Br Med J (Clin Res Ed) 1988; 296 doi: https://doi.org/10.1136/bmj.296.6636.1557 (Published 04 June 1988) Cite this as: Br Med J (Clin Res Ed) 1988;296:1557
  1. C P Thakur,
  2. M Kumar,
  3. P Kumar,
  4. B N Mishra,
  5. A K Pandey

    Abstract

    The efficacy and safety of six regimens of treatment for kala-azar (visceral leishmaniasis) with sodium stibogluconate were evaluated in a prospective randomised study to ascertain the optimal treatment for Indian patients. Altogether 371 patients with kala-azar were randomised to receive sodium stibogluconate intramuscularly at a dose of 10 mg/kg body weight/day for 20 or 40 days (groups A and A1, respectively), 15 mg/kg body weight/day for 20 or 40 days (groups B and B1, respectively), or 20 mg/kg body weight/day for 20 or 40 days (groups C and C1, respectively). Patients were examined blind before and at the end of treatment and every month for six months. The number of patients who were apparently cured—that is, those whose temperature had returned to normal at the end of their regimen of treatment—was 45 (78%) in group A, 53 (87%) in group A1, 50 (81%) in group B, 60 (95%) in group B1, 58 (92%) in group C, and 62 (97%) in group C1.

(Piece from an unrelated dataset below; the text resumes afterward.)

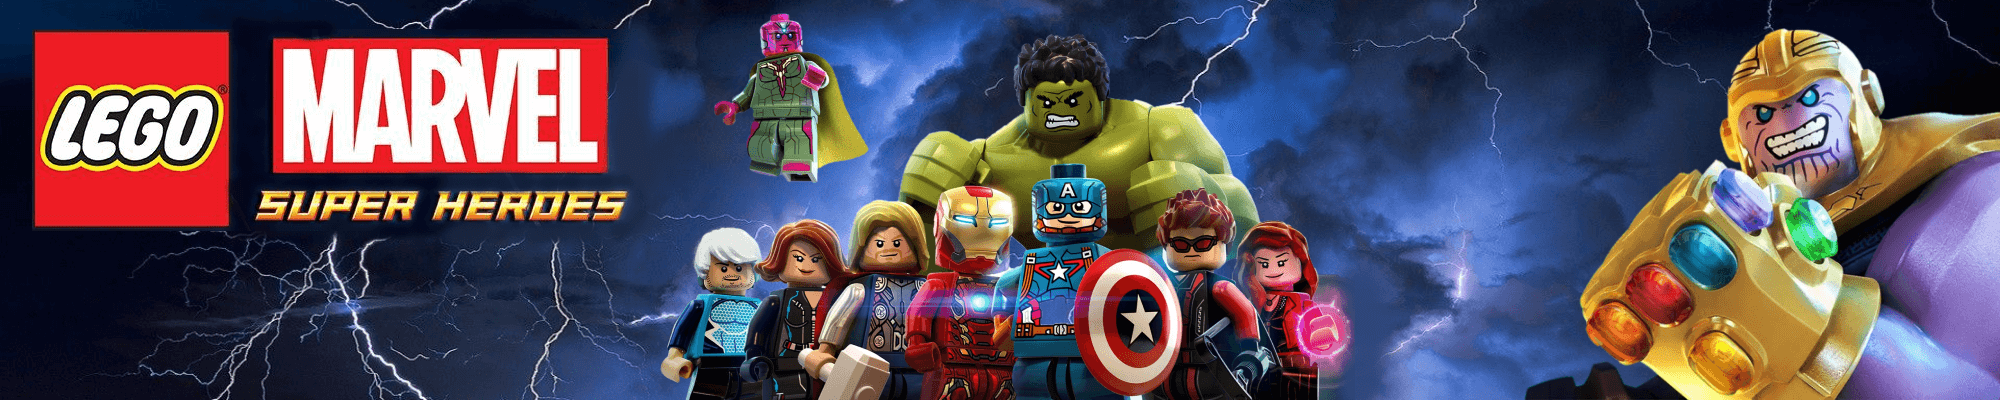 LEGO Marvel Super Heroes NZ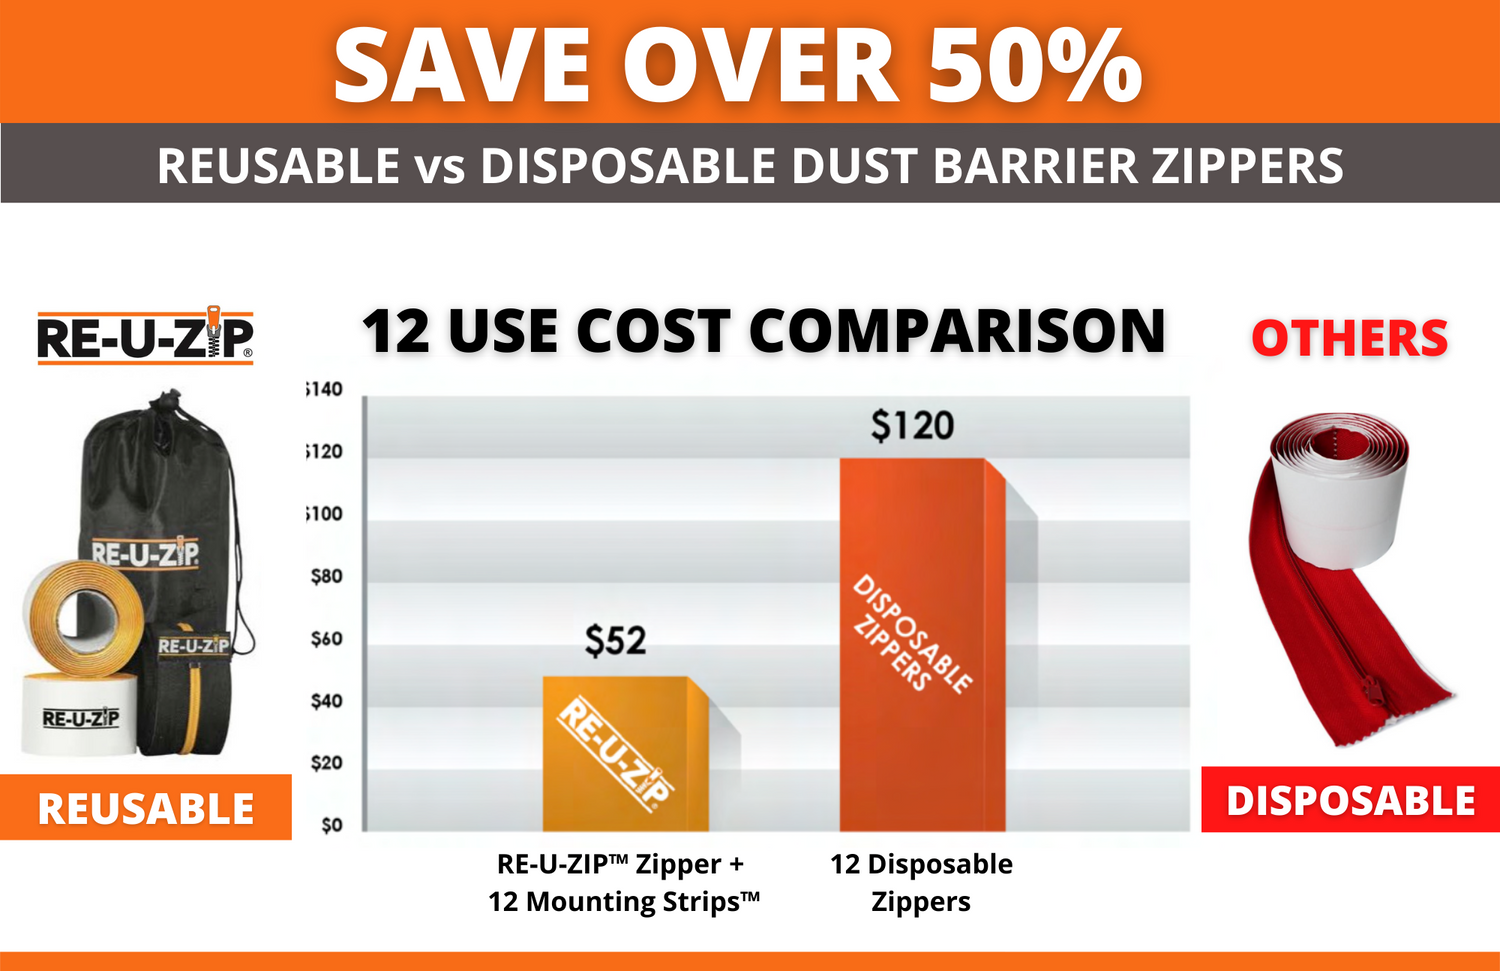 RE-U-ZIP Reusable Dust Barrier Zipper Cost Comparison

    At six months 62 patients (97%) in group C1, 51 (81%) in group C, 54 (86%) in group B1, 42 (68%) in group B, 45 (74%) in group A1, and 33 (57%) in group A had not relapsed and were cured as confirmed by a bone marrow aspirate free of parasites. The differences between groups C1 and C, B1 and B, and A1 and A were significant. Logistic regression of the proportion cured with the dose and length of treatment showed that both factors were significant in improving the rate of cure; the highest dose for the longer time (group C1) had the best rate of cure. One patient in group C1, 12 in group C, nine in group B1, 18 in group B, 15 in group A1, and 23 in group A were cured with extended courses of 20 mg sodium stibogluconate. One patient in each of groups C1, B, A1, and A became unresponsive to antimony and were cured with pentamidine. One patient in each of groups C1, B, and A became unresponsive to both antimony and pentamidine. The patients tolerated the longer duration of treatment safely, and side effects were minor.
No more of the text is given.